PROVIDED MATERIAL
----
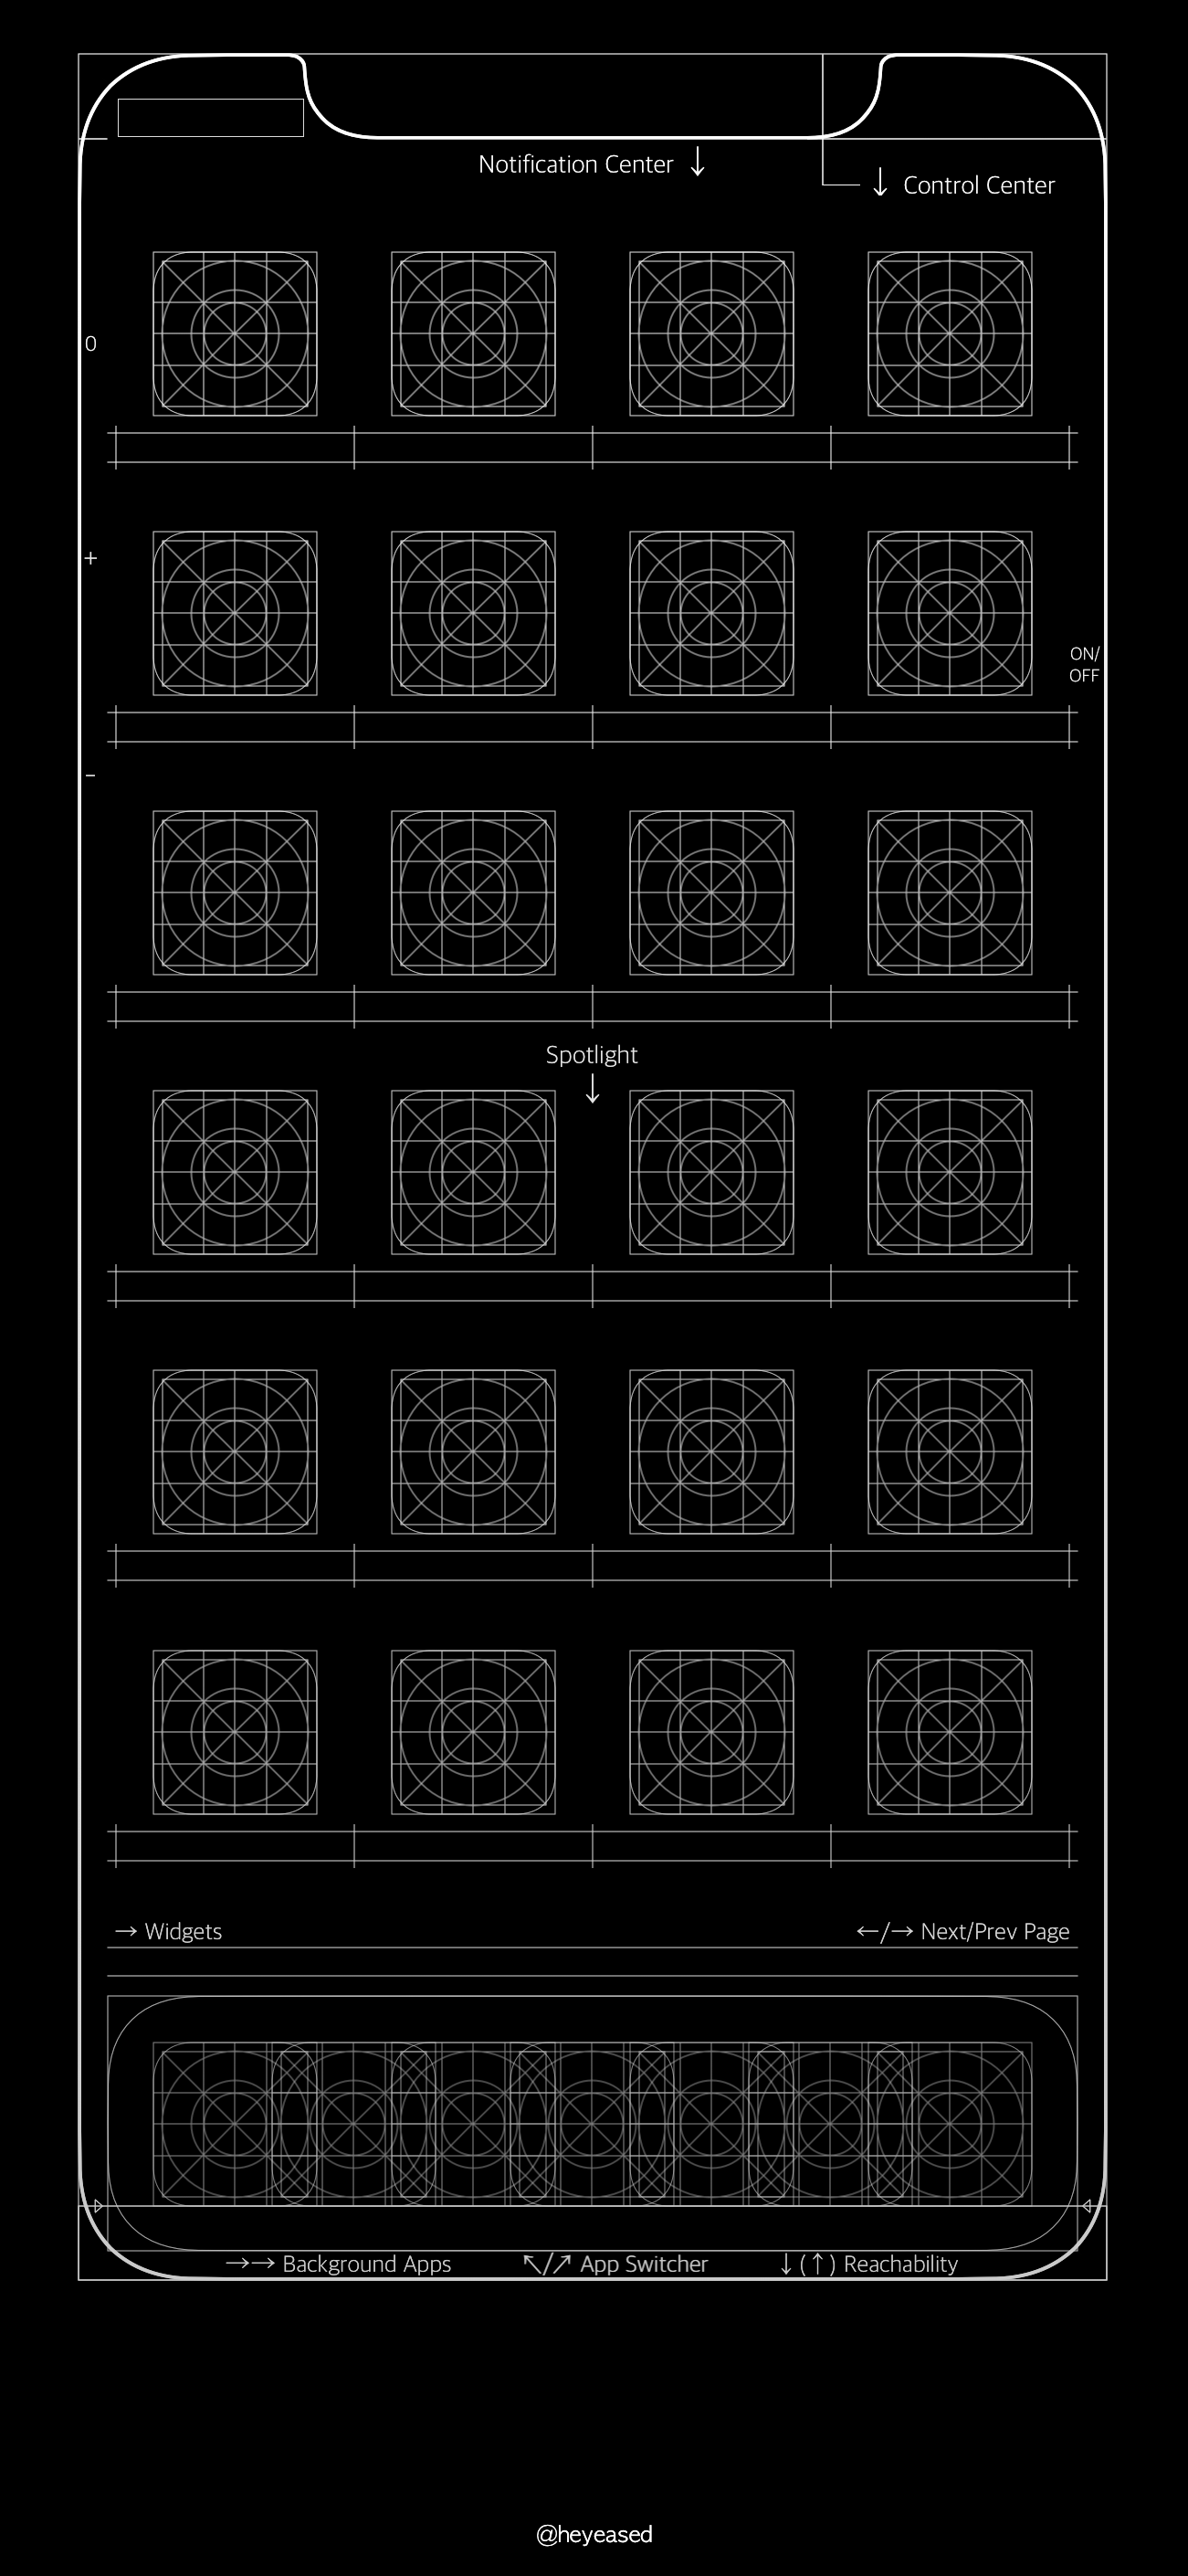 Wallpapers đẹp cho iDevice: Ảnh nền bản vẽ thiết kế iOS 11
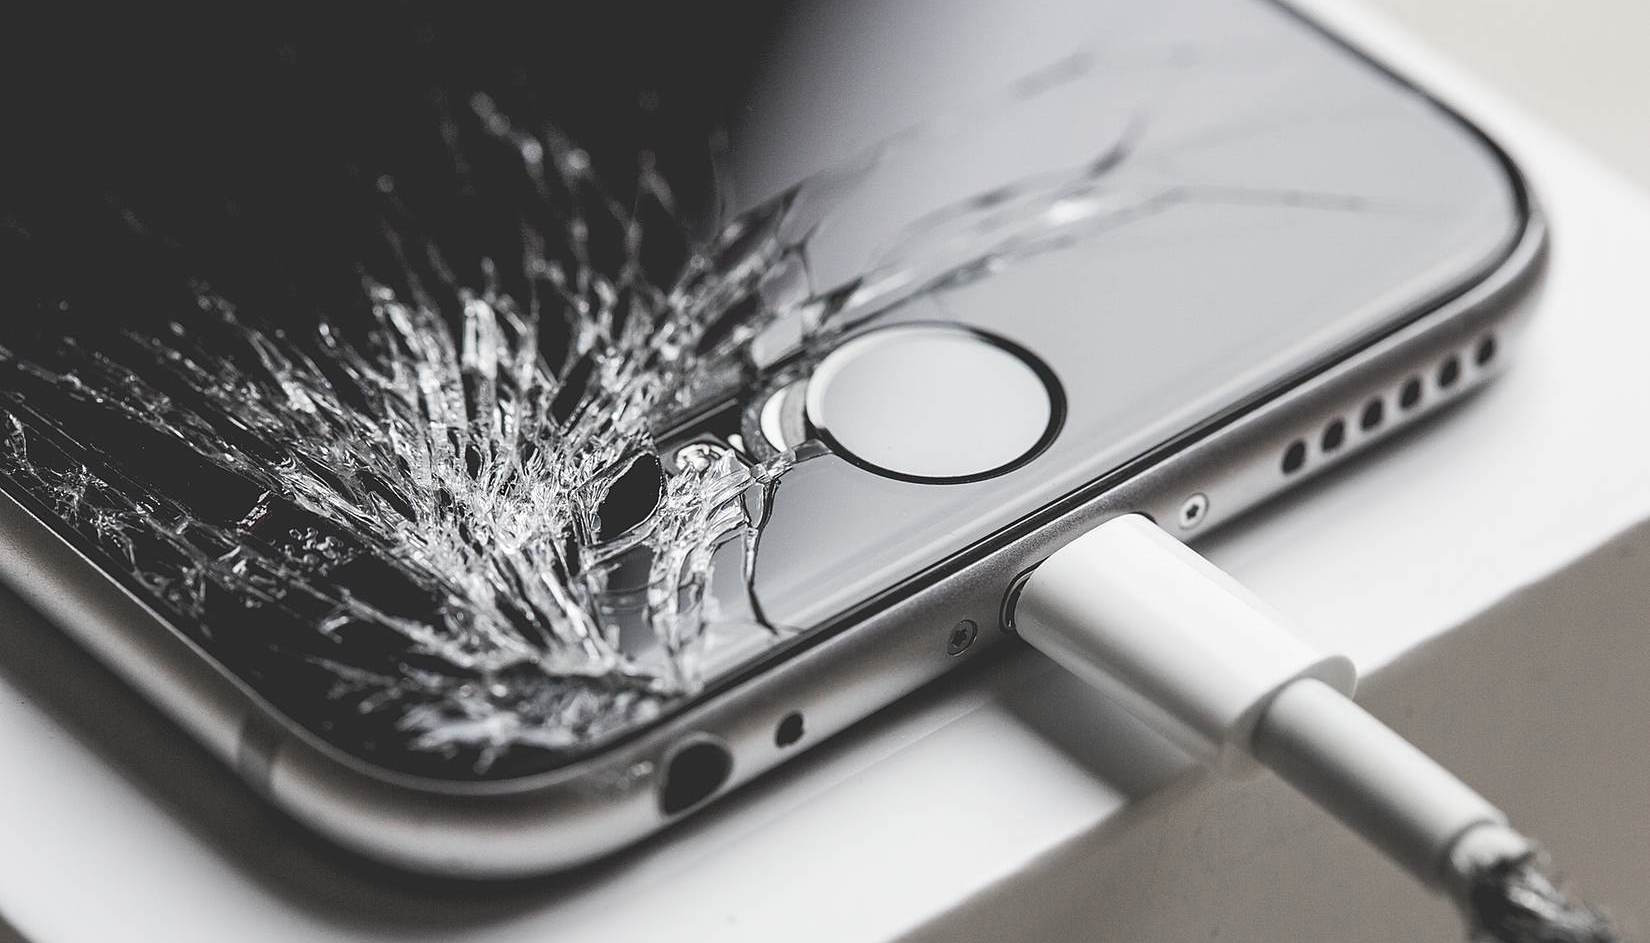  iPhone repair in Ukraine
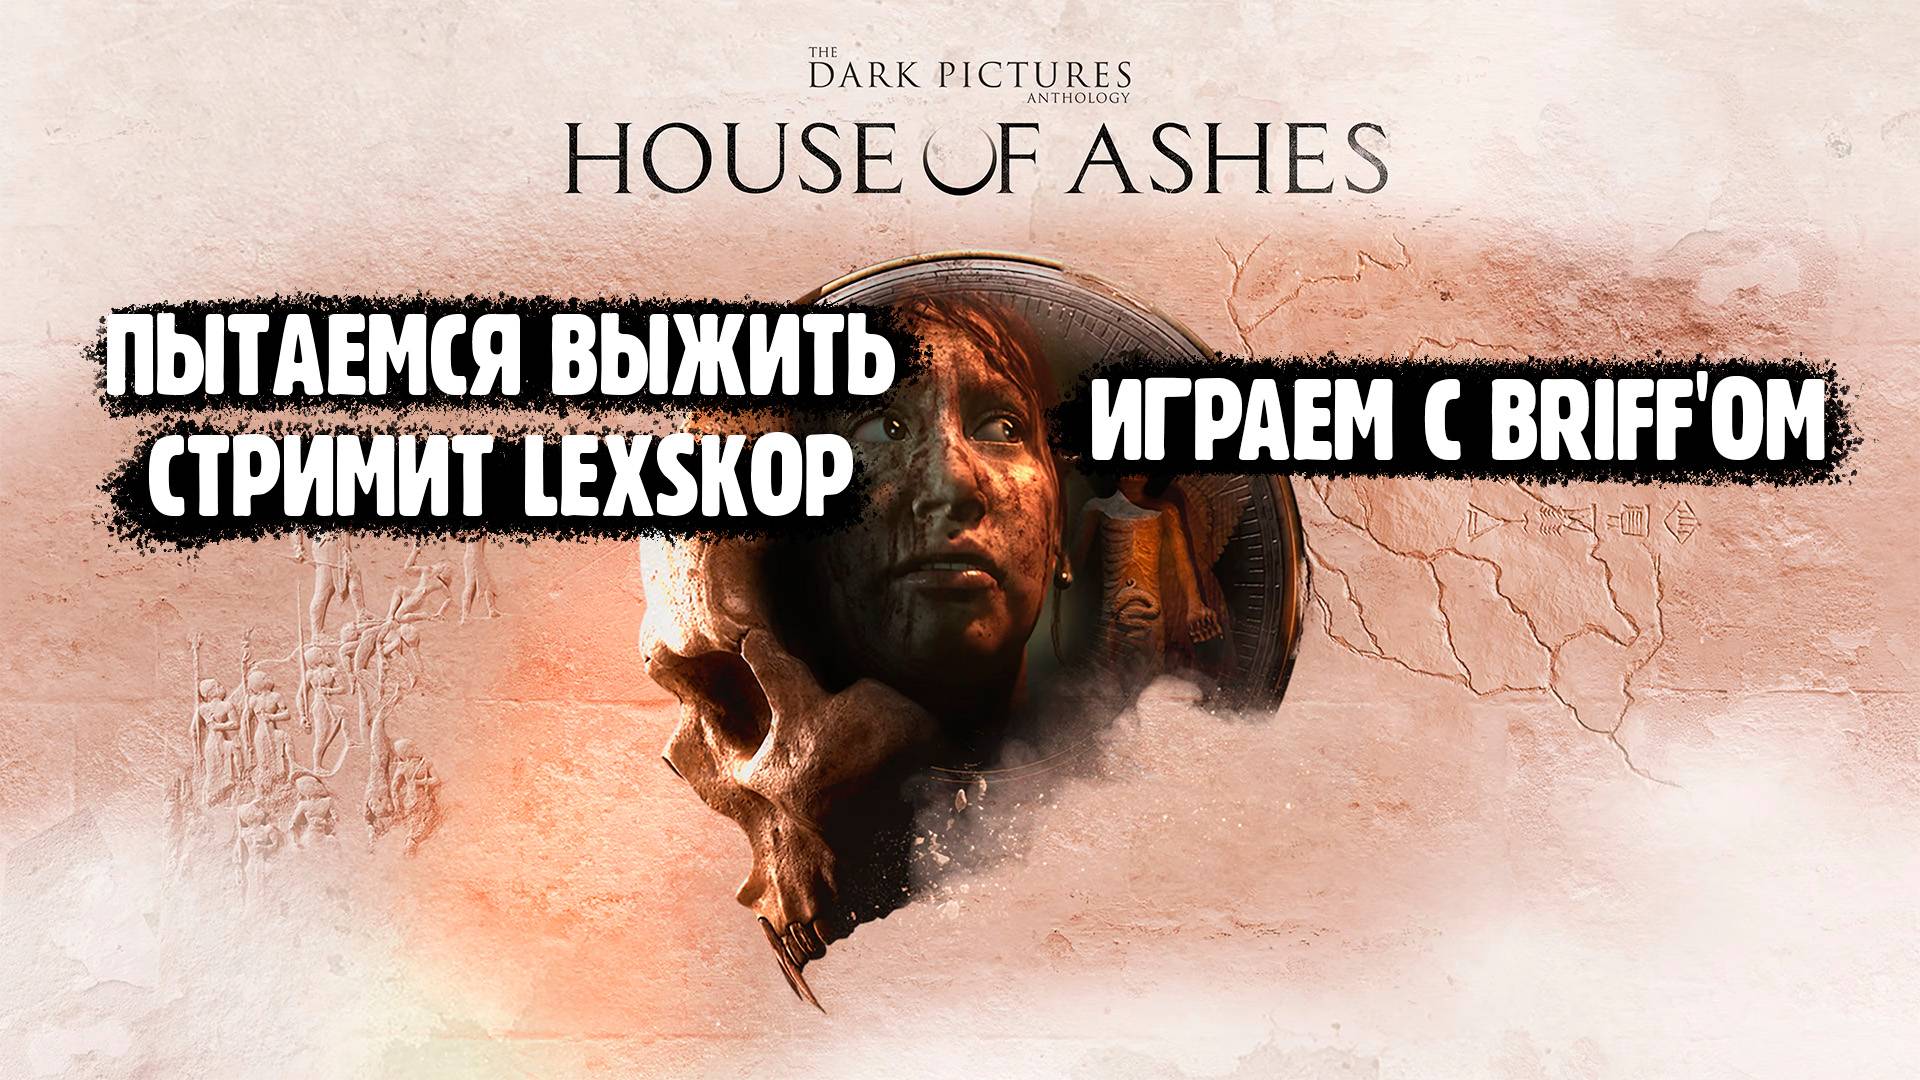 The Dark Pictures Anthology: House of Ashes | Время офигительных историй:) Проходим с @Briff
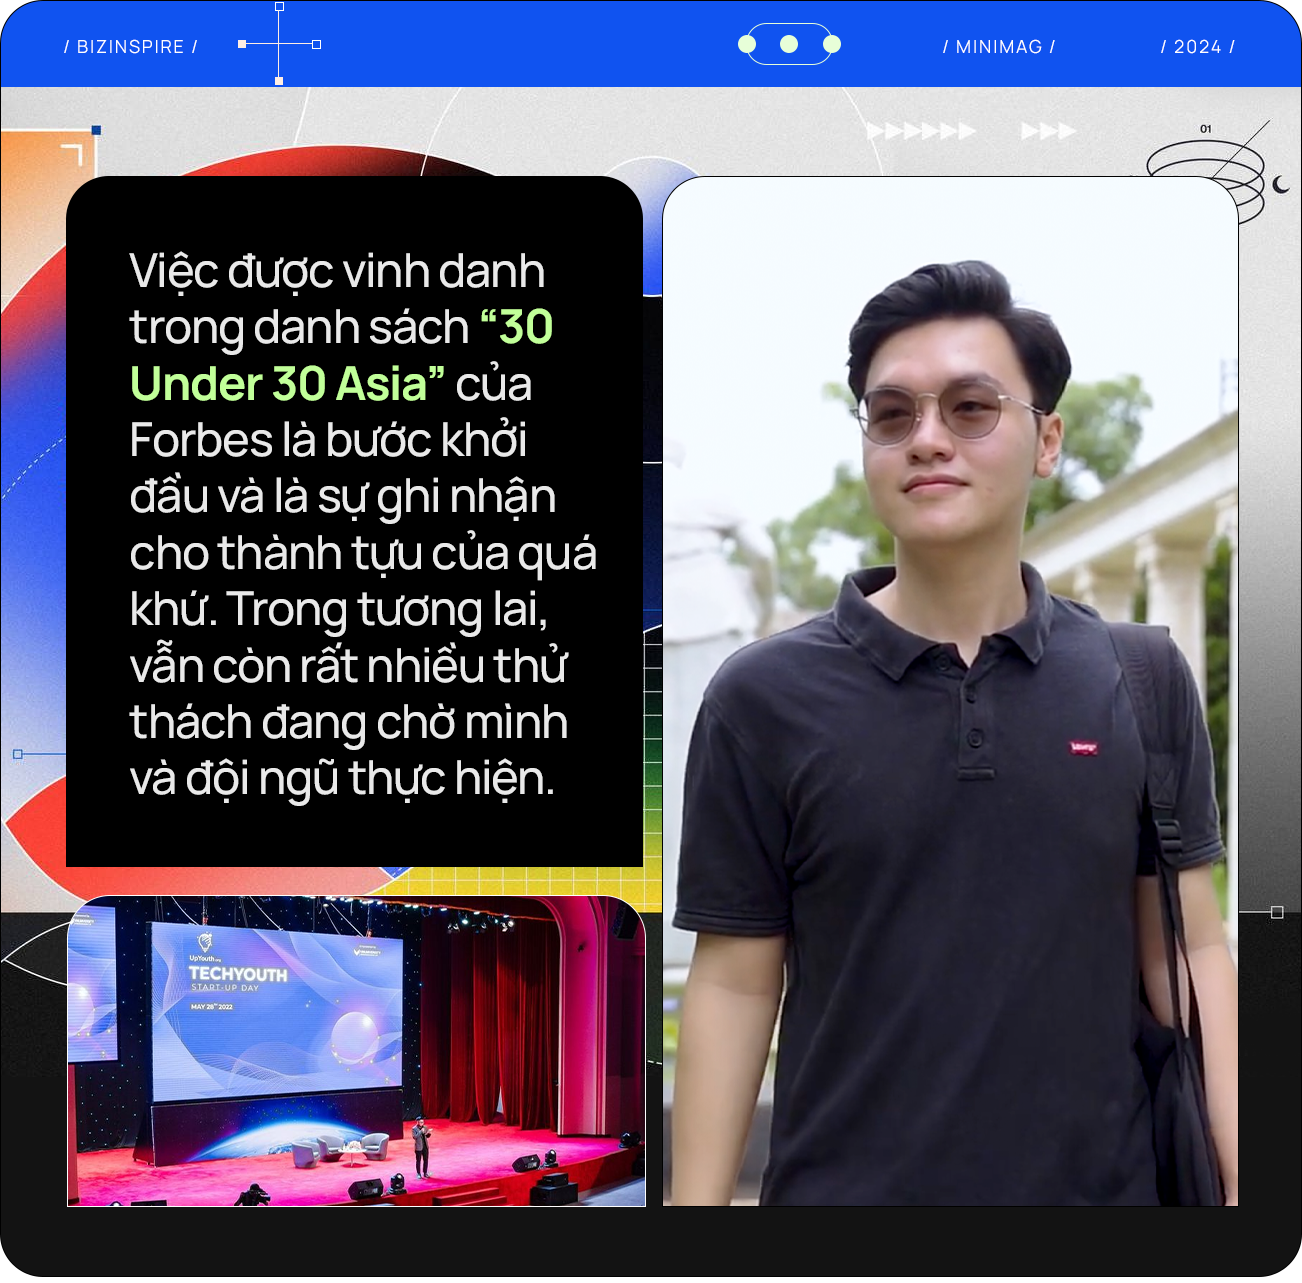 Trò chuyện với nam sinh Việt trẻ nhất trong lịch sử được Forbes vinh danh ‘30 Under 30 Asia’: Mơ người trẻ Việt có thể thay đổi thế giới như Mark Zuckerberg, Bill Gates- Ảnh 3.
----
INSTRUCTIONS TO FOLLOW
Beginning with the line that contains "The Dark Pictures" and ending with the last line of the data above, output those lines exactly and nothing more, without any pictures.

ANSWER SPACE
 The Dark Pictures Anthology: House of Ashes | Время офигительных историй:) Проходим с @Briff
 Trò chuyện với nam sinh Việt trẻ nhất trong lịch sử được Forbes vinh danh ‘30 Under 30 Asia’: Mơ người trẻ Việt có thể thay đổi thế giới như Mark Zuckerberg, Bill Gates- Ảnh 3.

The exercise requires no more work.